---------- GIVEN RECORDS
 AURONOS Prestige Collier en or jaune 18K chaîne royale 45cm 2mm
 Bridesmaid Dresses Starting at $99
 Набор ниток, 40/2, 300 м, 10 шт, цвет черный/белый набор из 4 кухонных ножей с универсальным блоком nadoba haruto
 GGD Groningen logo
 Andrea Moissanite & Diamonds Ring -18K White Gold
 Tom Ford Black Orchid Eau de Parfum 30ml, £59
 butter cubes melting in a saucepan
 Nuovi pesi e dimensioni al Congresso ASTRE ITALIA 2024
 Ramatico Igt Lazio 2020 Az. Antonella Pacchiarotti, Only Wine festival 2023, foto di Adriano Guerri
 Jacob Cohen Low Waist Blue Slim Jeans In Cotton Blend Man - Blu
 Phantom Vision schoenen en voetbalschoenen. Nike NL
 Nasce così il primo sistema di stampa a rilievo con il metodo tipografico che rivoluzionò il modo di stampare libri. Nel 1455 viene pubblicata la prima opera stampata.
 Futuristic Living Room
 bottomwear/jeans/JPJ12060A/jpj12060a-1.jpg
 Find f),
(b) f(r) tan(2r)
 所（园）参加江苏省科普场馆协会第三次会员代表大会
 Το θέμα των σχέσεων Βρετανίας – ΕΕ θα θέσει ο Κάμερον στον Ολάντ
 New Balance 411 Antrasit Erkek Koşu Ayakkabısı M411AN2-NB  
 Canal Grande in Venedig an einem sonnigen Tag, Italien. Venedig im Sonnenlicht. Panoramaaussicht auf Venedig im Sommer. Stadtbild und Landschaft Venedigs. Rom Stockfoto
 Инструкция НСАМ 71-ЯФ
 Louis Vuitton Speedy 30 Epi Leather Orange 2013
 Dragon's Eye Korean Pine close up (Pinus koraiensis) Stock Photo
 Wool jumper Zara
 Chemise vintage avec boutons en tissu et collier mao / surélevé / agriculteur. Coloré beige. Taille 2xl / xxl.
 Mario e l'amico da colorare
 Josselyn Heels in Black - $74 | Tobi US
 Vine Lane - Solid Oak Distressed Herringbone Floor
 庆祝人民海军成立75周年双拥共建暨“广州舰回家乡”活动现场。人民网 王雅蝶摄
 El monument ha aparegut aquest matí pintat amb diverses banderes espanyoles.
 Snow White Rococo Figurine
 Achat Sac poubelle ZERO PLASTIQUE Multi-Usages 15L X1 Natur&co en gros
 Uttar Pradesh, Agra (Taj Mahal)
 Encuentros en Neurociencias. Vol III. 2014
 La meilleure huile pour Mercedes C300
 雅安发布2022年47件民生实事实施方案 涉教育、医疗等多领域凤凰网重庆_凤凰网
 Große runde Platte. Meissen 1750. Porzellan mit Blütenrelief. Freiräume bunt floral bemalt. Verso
--------------------
## [WORK REQUEST]
You are asked to transcribe the complete data exactly.

## [OUTPUT FOR THIS EXERCISE]
 AURONOS Prestige Collier en or jaune 18K chaîne royale 45cm 2mm
 Bridesmaid Dresses Starting at $99
 Набор ниток, 40/2, 300 м, 10 шт, цвет черный/белый набор из 4 кухонных ножей с универсальным блоком nadoba haruto
 GGD Groningen logo
 Andrea Moissanite & Diamonds Ring -18K White Gold
 Tom Ford Black Orchid Eau de Parfum 30ml, £59
 butter cubes melting in a saucepan
 Nuovi pesi e dimensioni al Congresso ASTRE ITALIA 2024
 Ramatico Igt Lazio 2020 Az. Antonella Pacchiarotti, Only Wine festival 2023, foto di Adriano Guerri
 Jacob Cohen Low Waist Blue Slim Jeans In Cotton Blend Man - Blu
 Phantom Vision schoenen en voetbalschoenen. Nike NL
 Nasce così il primo sistema di stampa a rilievo con il metodo tipografico che rivoluzionò il modo di stampare libri. Nel 1455 viene pubblicata la prima opera stampata.
 Futuristic Living Room
 bottomwear/jeans/JPJ12060A/jpj12060a-1.jpg
 Find f),
(b) f(r) tan(2r)
 所（园）参加江苏省科普场馆协会第三次会员代表大会
 Το θέμα των σχέσεων Βρετανίας – ΕΕ θα θέσει ο Κάμερον στον Ολάντ
 New Balance 411 Antrasit Erkek Koşu Ayakkabısı M411AN2-NB  
 Canal Grande in Venedig an einem sonnigen Tag, Italien. Venedig im Sonnenlicht. Panoramaaussicht auf Venedig im Sommer. Stadtbild und Landschaft Venedigs. Rom Stockfoto
 Инструкция НСАМ 71-ЯФ
 Louis Vuitton Speedy 30 Epi Leather Orange 2013
 Dragon's Eye Korean Pine close up (Pinus koraiensis) Stock Photo
 Wool jumper Zara
 Chemise vintage avec boutons en tissu et collier mao / surélevé / agriculteur. Coloré beige. Taille 2xl / xxl.
 Mario e l'amico da colorare
 Josselyn Heels in Black - $74 | Tobi US
 Vine Lane - Solid Oak Distressed Herringbone Floor
 庆祝人民海军成立75周年双拥共建暨“广州舰回家乡”活动现场。人民网 王雅蝶摄
 El monument ha aparegut aquest matí pintat amb diverses banderes espanyoles.
 Snow White Rococo Figurine
 Achat Sac poubelle ZERO PLASTIQUE Multi-Usages 15L X1 Natur&co en gros
 Uttar Pradesh, Agra (Taj Mahal)
 Encuentros en Neurociencias. Vol III. 2014
 La meilleure huile pour Mercedes C300
 雅安发布2022年47件民生实事实施方案 涉教育、医疗等多领域凤凰网重庆_凤凰网
 Große runde Platte. Meissen 1750. Porzellan mit Blütenrelief. Freiräume bunt floral bemalt. Verso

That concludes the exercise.